保険相談した時におすすめされたもの

次は万が一のときのための遺族の保障についてです。遺族の保障は家庭環境によって異なります。たとえば、共働きかどうか、子供の人数、ローンの有無などによって必要保障額も変わってくるでしょう。

いろいろある生命保険のなかで遺族保障を考えるなら、まず終身保険の加入をお勧めします。終身保険は一生涯、死亡保障が続きます。つまり、現時点の家族保障から老後の妻の保障まで、長い目で終身保険の利用を考えていくことができるわけです。

また、払込みが終われば年金に移行することもでき、保険料払い込み終了後二、三年たってから解約する場合は、払い込んだ保険料以上になって戻ってきます。さらに、これに上乗せするのが、イザというときの家族の生活費と子供の教育費の保障です。とくに子供が小さい場合、とりあえず大学まで進学すると仮定します。

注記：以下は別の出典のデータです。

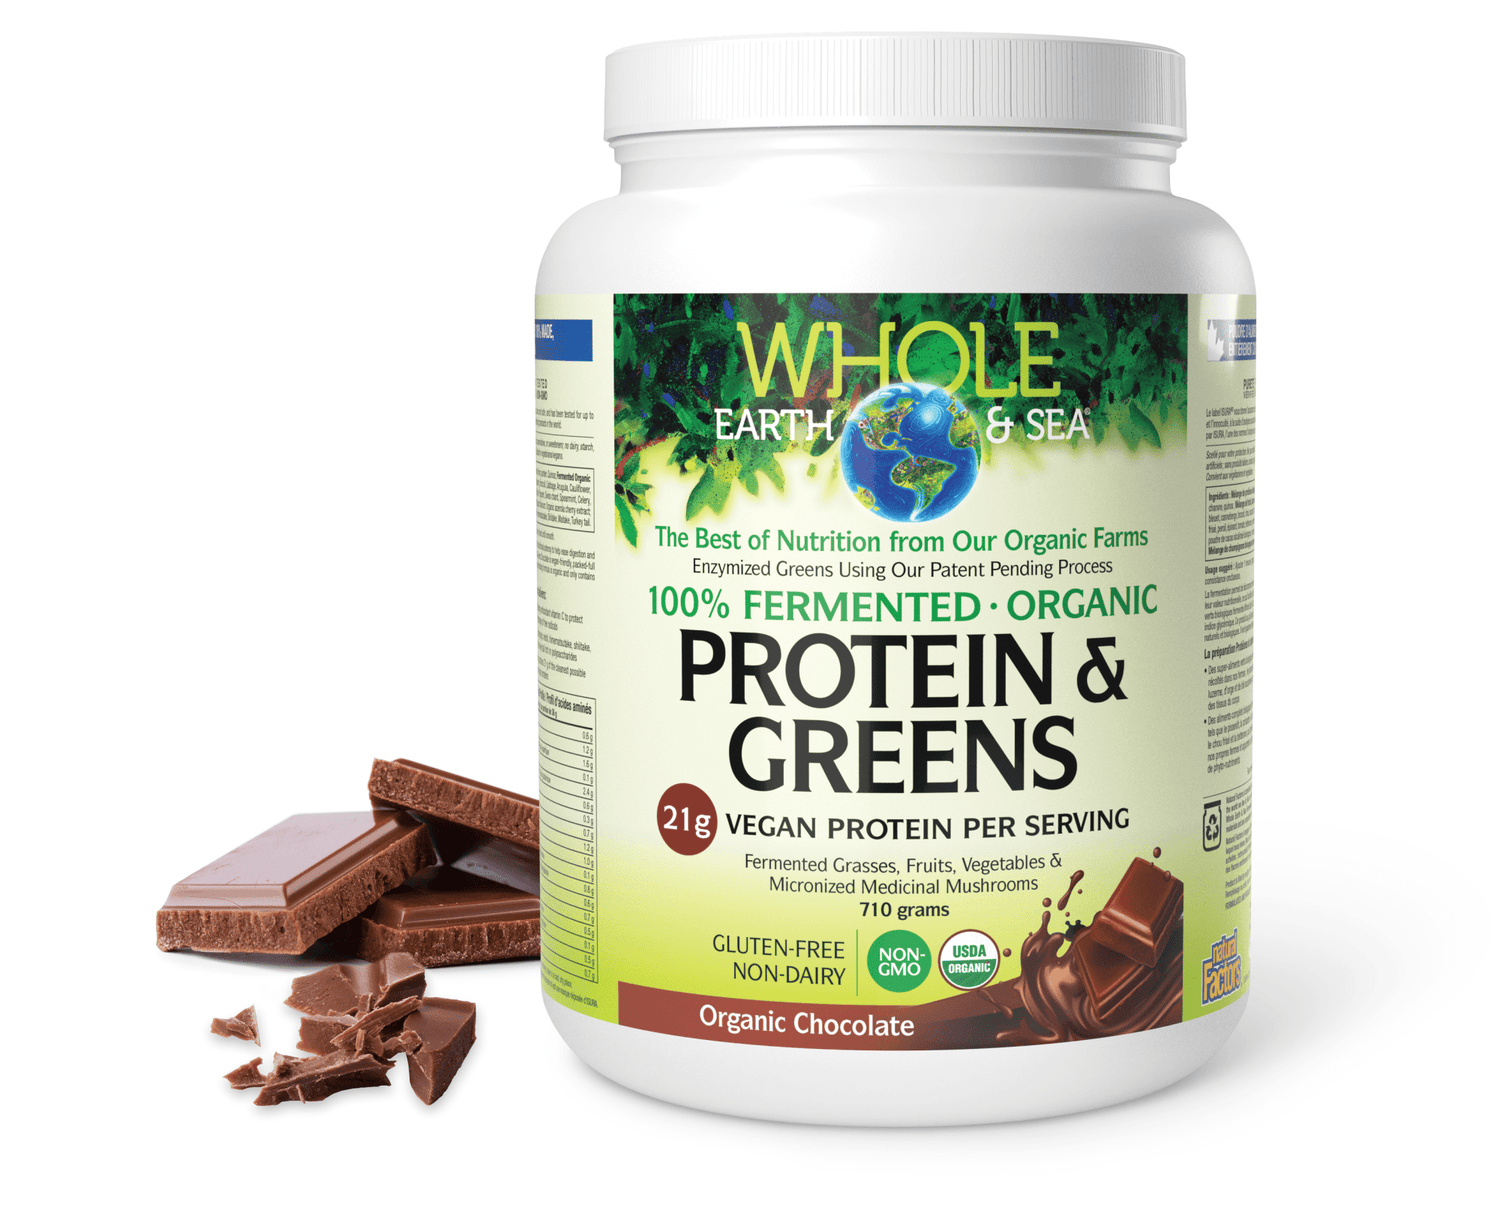 Fermented Organic Protein & Greens, Organic Chocolate, Whole Earth & Sea, Whole Earth & Sea®|v|image|35535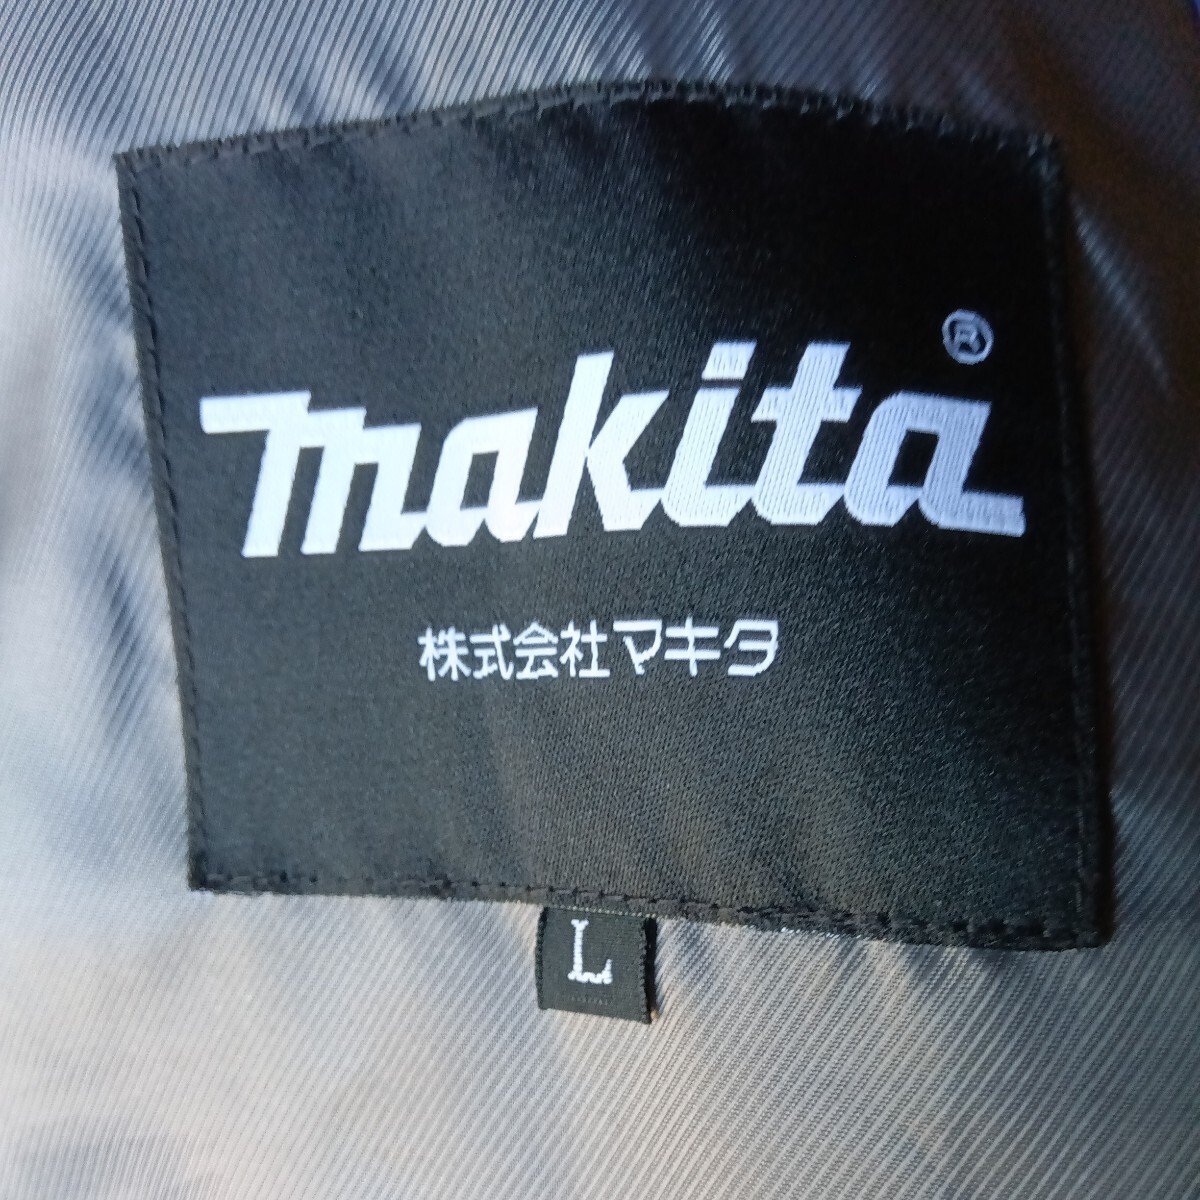  Makita air conditioning clothes

この保険相談では遺族保障として大きな保険金が必要ですが子供が中学、高校と進学するにつれて必要な保険金額は減ってきます。

このことを考えると、終身保険に定期保険特約を付加するか、終身保険と別に定期保険単独で加入するのもいいでしょう。それもなるべく短期間ごとに更新できるタイプをお勧めします。

短期間の更新設定をすれば、更新ごとに子供の進学に合わせて保険金額を減額していけるためムダがなくなります。たとえば、三五歳の男性で、年収五〇〇万円、家族構成が妻三三歳、七歳と五歳の男子が二人という家族についての保障を考えてみます。

現在の月間生活費を二五万円、その七割を家族の月間生活資金として見積り、末子が大学を卒業する年を二二歳と仮定した場合、その間を保障必要期間とします。

そうすると、〈二五万円×〇・七×一ニヵ月(二二-五)=三五七〇万円〉となります。これを家族の生活資金①とします。次に妻の生活資金です。

保険相談の月間生活費二五万円の五割を妻の月間生活資金として見積り、末子が大学を卒業する二二歳の年の妻(五〇歳)の平均余命の期間を必要期間として必要保障金額を計算すると、〈二五万円×〇・五×一ニヵ月×三三=四九五〇万円〉となります。

つまり、①と②の合計金額である八五二〇万円が遺族の生活資金として必要だということになります。

もちろん、このシュミレーションは、三五歳で夫が死亡し、妻は一生専業主婦というケースですから、あくまでもひとつの目安にしかすぎません。しかし、いずれにしても、二〇代、三〇代前半の一家四人の保障を考えると八〇〇〇万円前後は必要だということです。